It is widely recognised that most displaced persons live on or below the poverty line, and that lower-income groups are disproportionately affected by weather-related disasters. Furthermore, disasters aside, a host of different consequences also associated with a changing climate weaken resilience, especially of subsistence farming groups, and thereby breed further vulnerability. These are then an amplifying factor for rural to urban migration, even if climate issues are largely concealed by ‘economic’ explanations for migrant flows and both groups of migrants often end up in the same slums.[1]

Hotter days, longer and more intense dry seasons and less overall rain but heavier downpours place significant pressures on low-income rural communities. Health, for instance, suffers due to more favourable conditions for food-, water- and vector- borne diseases. Shorter, less predictable growing seasons, less rain and more flooding all cut farm outputs, while the increase in the number of extremely hot days makes outdoor work (the great majority of all work in subsistence farming communities) less productive and more dangerous because of exhaustion and dehydration. As it becomes harder for farmers to grow produce and to work, food insecurity climbs, with child malnutrition rates typically increasing in tandem.

Rural erosion in Ghana’s Upper East Region

The effects of increases in heat on subsistence communities have been most pronounced in this region of Ghana, once the breadbasket of the country. One way to compensate for diminished growing seasons or productive capacity is to extend the amount of land under cultivation; however, this is very often at the expense of trees and therefore at the expense of biodiversity, land integrity and shade for farmers and crops. Deforestation and the degradation of trees and forests not only contribute to more climate change through the loss of carbon sinks but can also intensify local heat, drought and flood vulnerabilities. Moreover, only the least productive lands remain to be brought under cultivation, so these diminishing yields come at great expense.

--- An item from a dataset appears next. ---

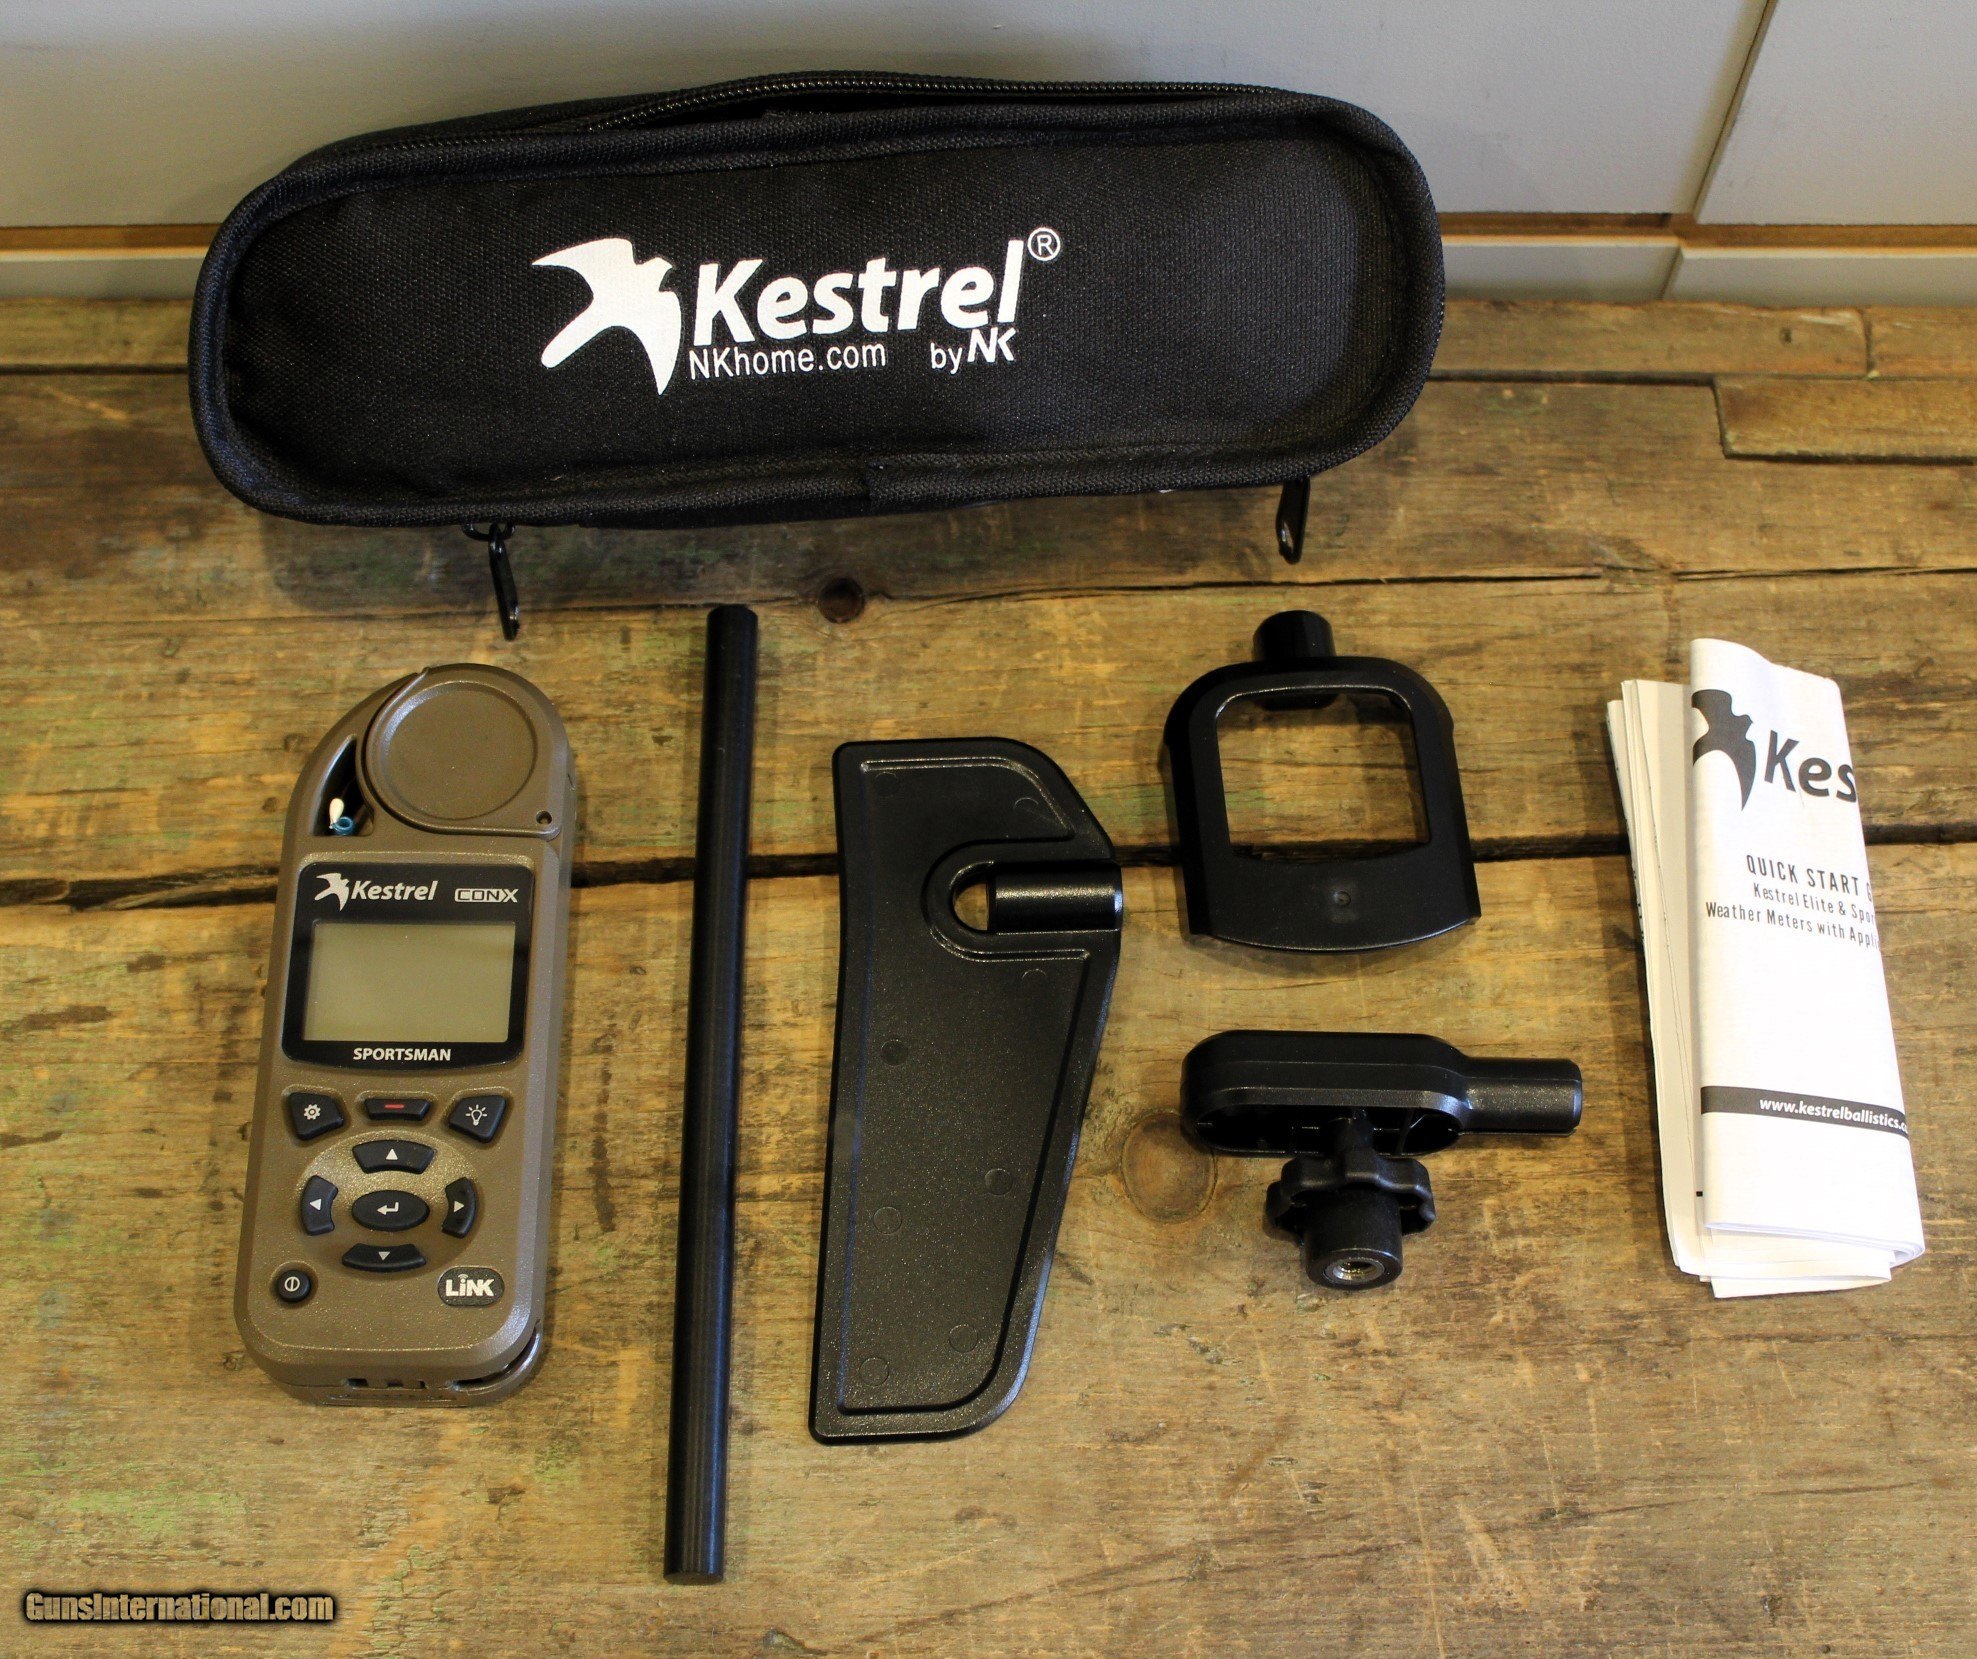 Kestrel LiNK Wireless Dongle for PC or Mac, Kestrel 5 Series

Private revenue losses likewise affect public services. Declining investment in local water infrastructure is particularly problematic because it shrinks the area of arable land available during the dry season, leading more people to migrate seasonally. Indications of societal strains are evident too. As smallholder farmers keep fewer livestock, for example, they also entrust fewer to the care of nomadic Fulani herdsmen who frequent marginal lands in the region. Previously reliant on the mutually beneficial interchange of herding services for food or income, the erosion of this exchange demonstrates how livelihood shocks for settled communities can be transmitted through economic chains, harming traditional social ties.

 

Governance capacity defines resilience

Challenging conditions like these are common to rural communities across tropical developing regions. Particularly vulnerable are countries and communities with very high agricultural sector contributions to economic output or to the workforce, and large numbers of subsistence-level households. Although the specifics vary, the outcome is frequently the same: people, especially youths, hasten decline by leaving in growing numbers for cities and their slums. Problems are not only transposed to the urban realm; the process also compounds risks for communities of both origin and destination.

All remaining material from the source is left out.